Second, the court attempted to distinguish two post-Morse decisions that applied Tinker in cases involving student threats — the 2nd Circuit’s decision in Wisniewski v. Board of Education of Weedsport Central School Dist. (2007) and the 11th Circuit’s decision in Boim v. Fulton County School Dist. (2007). These cases were different, the court said, because they involved threats against teachers, not students. Tinker could be applied in such cases, the court reasoned, because threats against teachers “are relatively discrete in scope and directed at adults,” whereas threats of mass school shootings are more “devastating.” Interestingly, however, a threat of a mass school shooting is more devastating than a threat against a teacher only if the larger threat is credible, a determination the new 5th Circuit opinion does not require.

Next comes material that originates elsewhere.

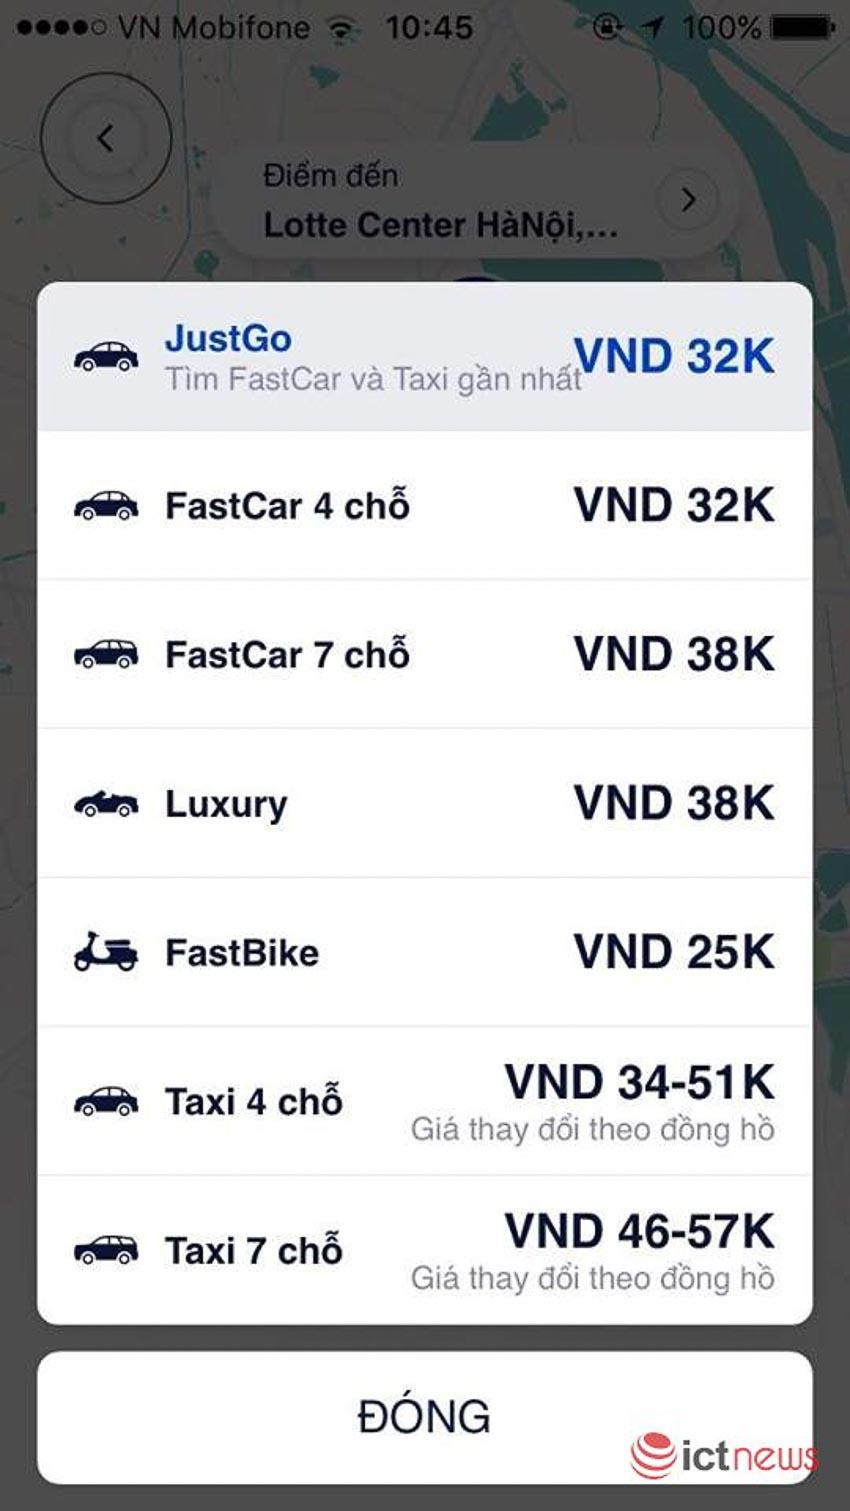 DNP-FastGo-hop-tac-cung-35-hang-taxi-truyen-thong-ra-tinh-nang-JustGo-1

Third, the court relied on Schenck v. United States (1919) in stating that “when a student threatens violence against a student body, his words are as much beyond the constitutional pale as yelling ‘fire’ in [a] crowded theater.” In this case, however, the sophomore did not credibly threaten anyone and did not come remotely close to yelling “fire” in a crowded theater. At most, the notebook was the equivalent of the student’s writing, “There would be chaos in here if someone yelled ‘fire’” and handing that note to a friend sitting next to him.

After these twists and turns, the court was able to pronounce its sweeping conclusion: “School administrators must be permitted to react quickly and decisively to address a threat of physical violence against their students, without worrying that they will have to face years of litigation second-guessing their judgment as to whether the threat posed a real risk of substantial disturbance.”

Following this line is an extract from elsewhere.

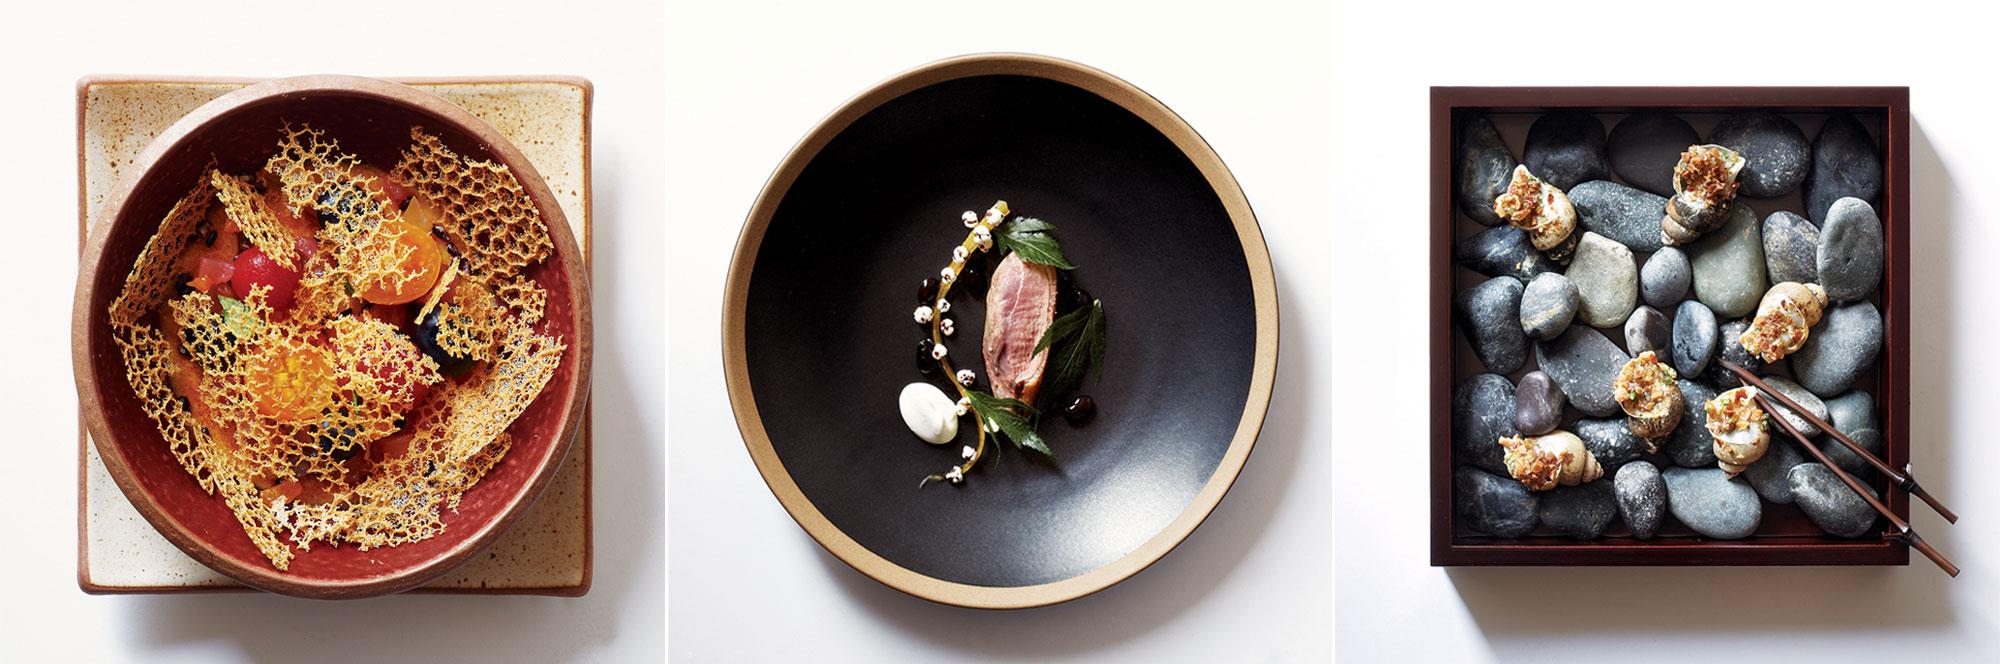 0702-NewRestaurant6

School administrators in the 5th Circuit thus now may apply zero-tolerance rules to any speech about violence against students. The threat of violence need not be credible, imminent or even possible. It need not be widely disseminated or even disseminated at all at school. Any speech about violence against students, even if clearly fiction or fantasy, is without First Amendment protection in that circuit.

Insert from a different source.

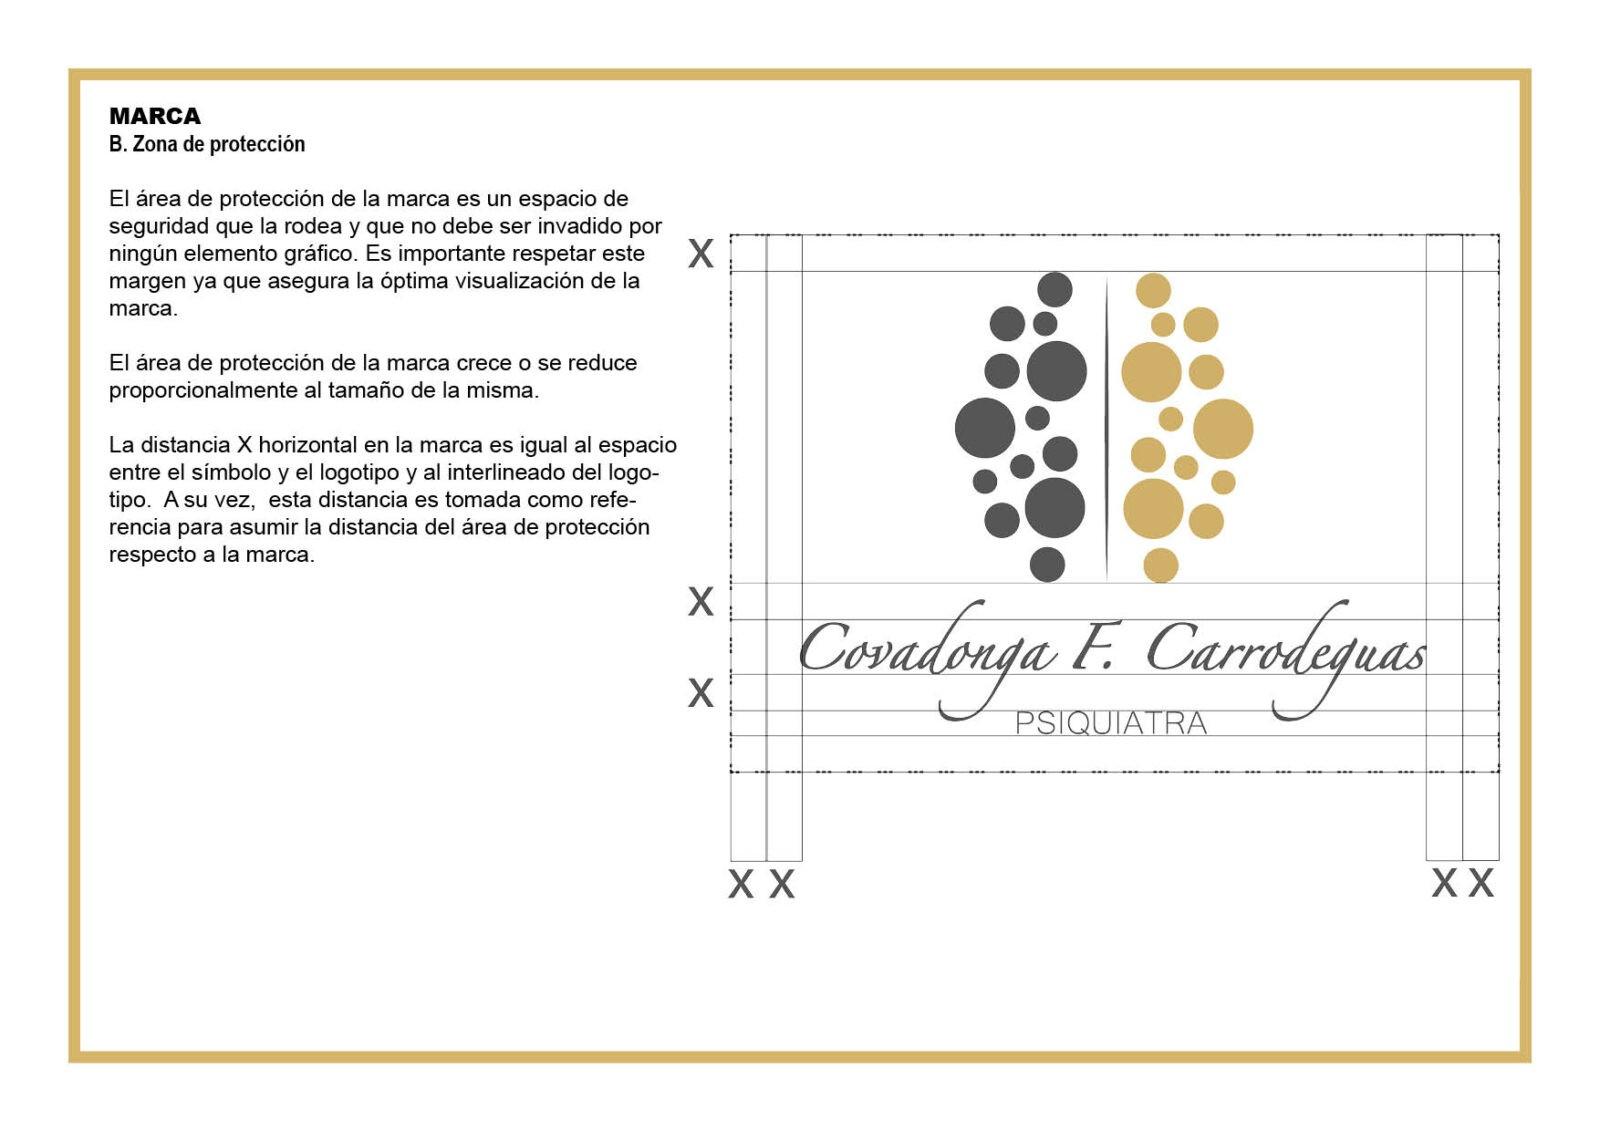 Manual de Identidad Corporativa Covadonga Carrodeguas - Trabajos

Perhaps even more troubling about the ruling in Ponce is the ease with which it could be extended to other speech. Under Ponce, the First Amendment does not protect any speech that advocates or threatens a harm at least as serious as illegal drug use. Those harms presumably could include activities such as bullying, teenage sex, alcohol and tobacco use or driving under the influence of alcohol.

Though speech advocating these activities of course is inappropriate at school, the problem with the analysis in Ponce is that it — in order to protect administrators from second-guessing — effectively denies First Amendment protection to all speech about these topics. As easily as an assistant principal can conclude that an incredible description of violence threatens real harm, an administrator can determine that an article about birth control in the school newspaper advocates teen sex.

Tinker, despite frequently being attacked, has survived since 1969 because it strikes the appropriate balance regarding student speech — that which substantially disrupts school activities is not permitted; all else is. Morseeliminated that balance as to one topic, and Ponce eliminates it for at least one other.

Whether Tinker continues to survive will depend on whether other courts are willing to second-guess Ponce and, at least occasionally, school administrators.